Development of sentences after every 10 epochs:

  • KESTENBAUM: The the the the the the the the the the the the the the the and a pount and the the the the the the the the the the the the the the the the the to the the the the the the the the the the the the the the the the the the the the the the the the the cong the the the cont and the the the

  • SMITH: hat the the the the the the and the the the the wat the the the the the the the the the the the that the the the wall the the the the the the the the the the the the wale in the and of the the the the the the to the the the the the the the the the the the the the the the the

  • KESTENBAUM: And the Norwegian far a proble is a lot of the oil curse. It some of the to get the oil companies in the money and the oil curse. The economy something the oil curse is a lot of the oil curse. The economy gooked the government of the tough to be a cable that the oil curse in the oil co

  • SMITH: Year as a country we story and the tough that the oil companies in the oil curse. And they don't know the resourt of the oil curse. The is a sayy for a country what the oil curse. The is not to the Norwegian the resourt in the oil curse. It's set it the resournd and what the to get the oil

  • KESTENBAUM: And in an additional should be 1 percent.

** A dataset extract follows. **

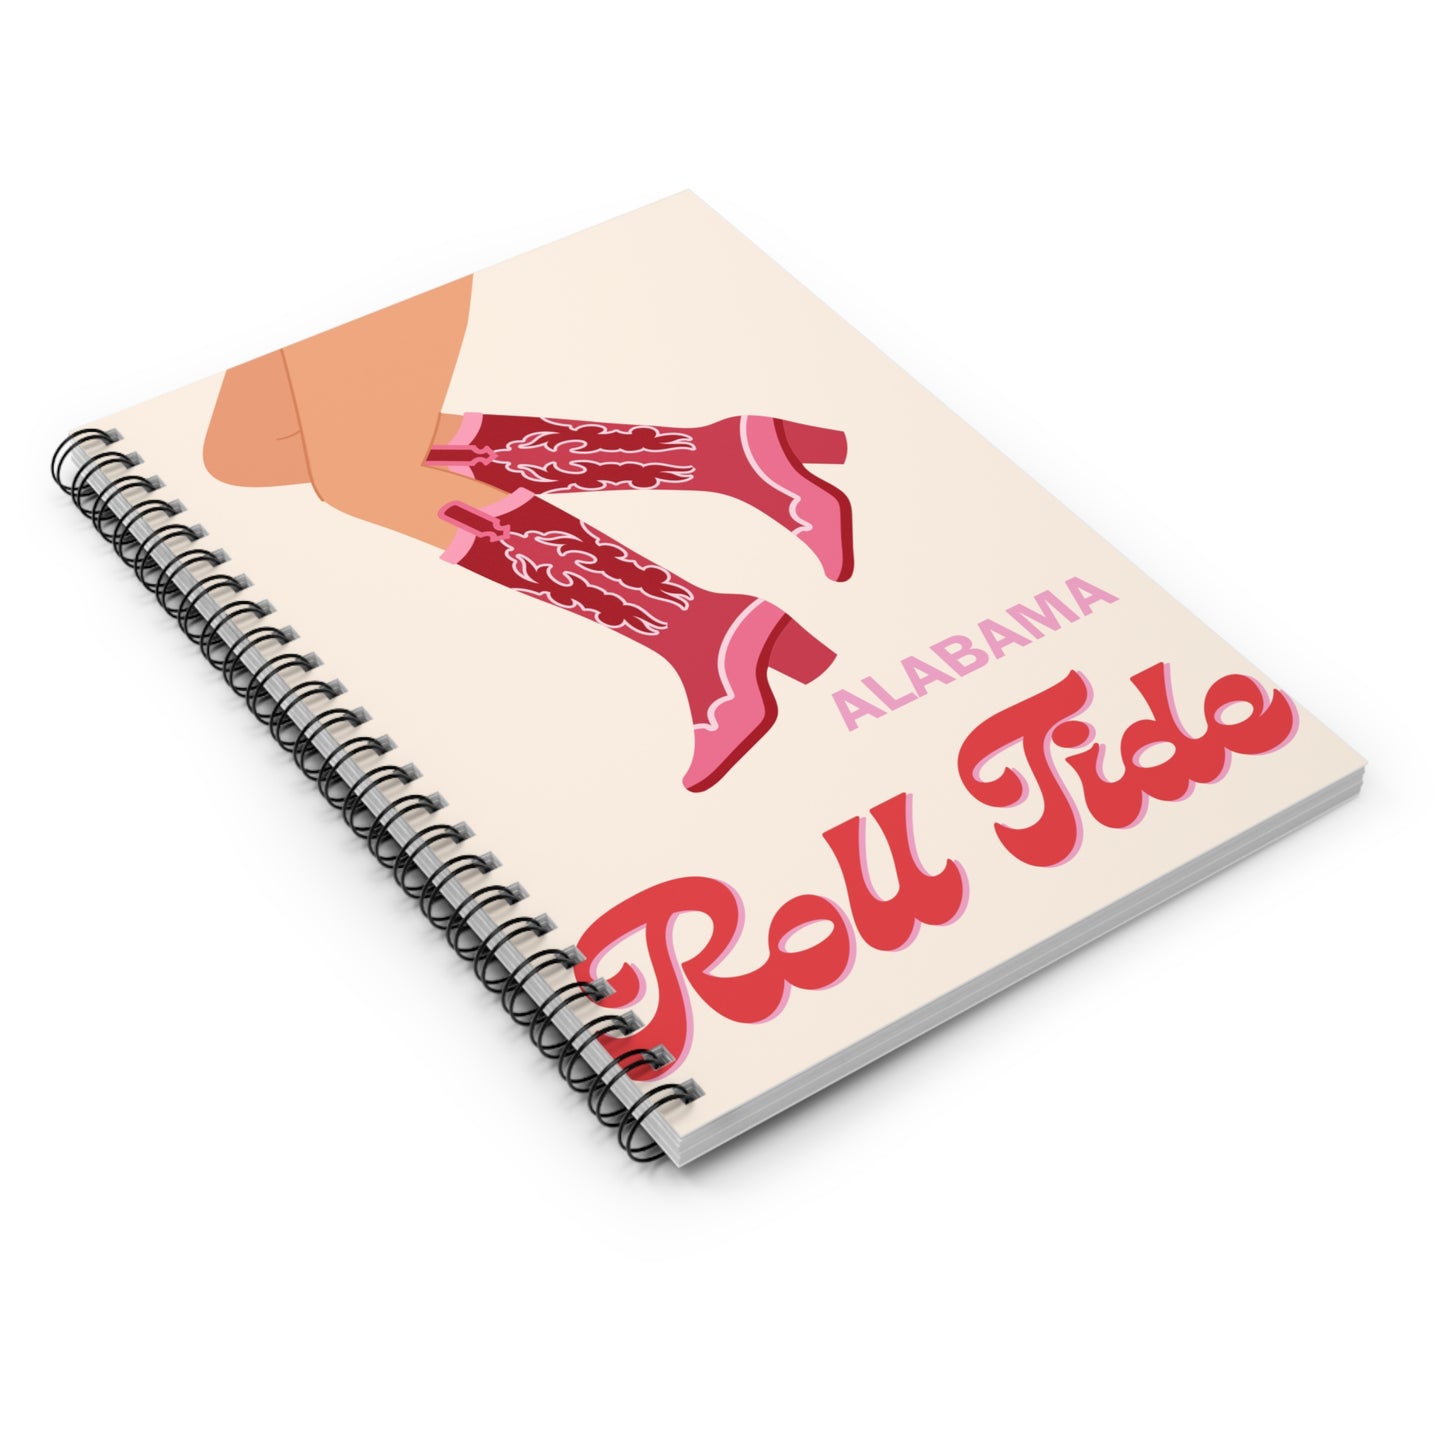 "ROLL TIDE "Spiral Notebook - Ruled Line

  • SMITH: Yeah. And it's a little bit is the oil curse is a half and seement the oil curse. The end of that the resource curse.

  • KESTENBAUM: That's like a 50 percent error or something.

  • SMITH: Yeah. And it's not even the first numbers of the siduelven and how to the fin in this month that's happening right now, you know, and the manage.

CloudFormation

S3

Sync the transcripts to the chosen S3 bucket. If you would like to Scrape these yourself, you can use the scrape.ipynb notebook in the coming steps.

aws s3 mb s3://planet-money-generator --region us-east-1
aws s3 sync transcripts/ s3://planet-money-generator/transcripts

SageMaker

Fill in the sagemaker-notebook-params.json file with your desired settings.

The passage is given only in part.